Converting Strings to number (date)

Hi All! I am working on a dataset looking at Top Albums Genres over time.

The problem i’m having is converting the “rel date” from a string to number/date. I’v tried the ds.timeParse but it’s not helping.

for example I have date dating back to 1966 and its converting that date to “2066” :sweat_smile:

I’m still getting to grips of Obserable. Your help will be much appreciated thanks :slight_smile:

This is one of the major problems with two digit years. If it’s possible to get the data with a better date format, I’d recommend it. But given this data, there is something we can do.

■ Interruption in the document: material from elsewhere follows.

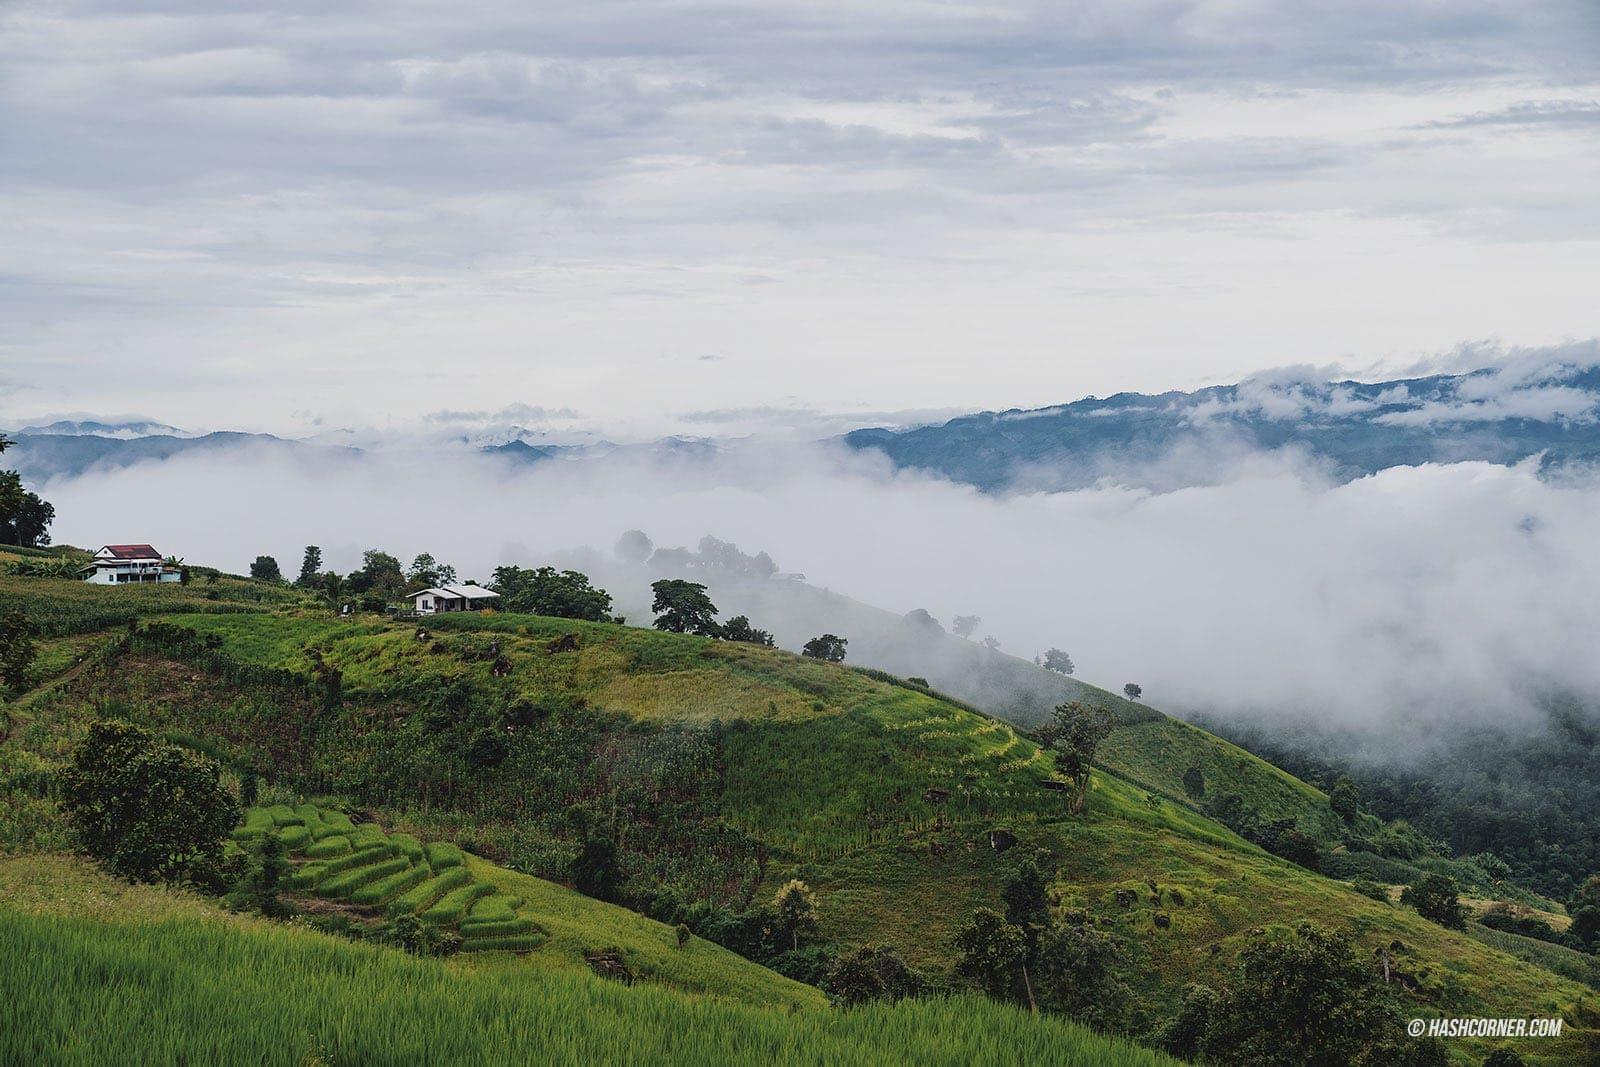 รีวิว ป่าบงเปียง x เชียงใหม่ นาขั้นบันไดที่สุดในไทย

To make this problem reasonable, we can assume that all dates are in the past 100 years. So if we find a date in the future, we simply subtract 100 years from it, and it should get back into range.

The heart of that idea is this modification to your data loading cell:

top5000 = {
  let data = await FileAttachment("Top5000.csv").csv();
  let now = new Date();
  return => {
    let rel_date = parser(d.rel_date);
    if (rel_date > now) rel_date.setFullYear(rel_date.getFullYear() - 100);
    return { ...d, rel_date };

You can see it integrated in with a full notebook here:


Thank you for all your help.

Hi Again I have another problem which i thought i sorted but I haven’t, I would love to get your help again :sweat_smile:

In the data, each object has multiple genres (gen). I want to limite the “gen” to one for each artist in order to make the data easier to work with.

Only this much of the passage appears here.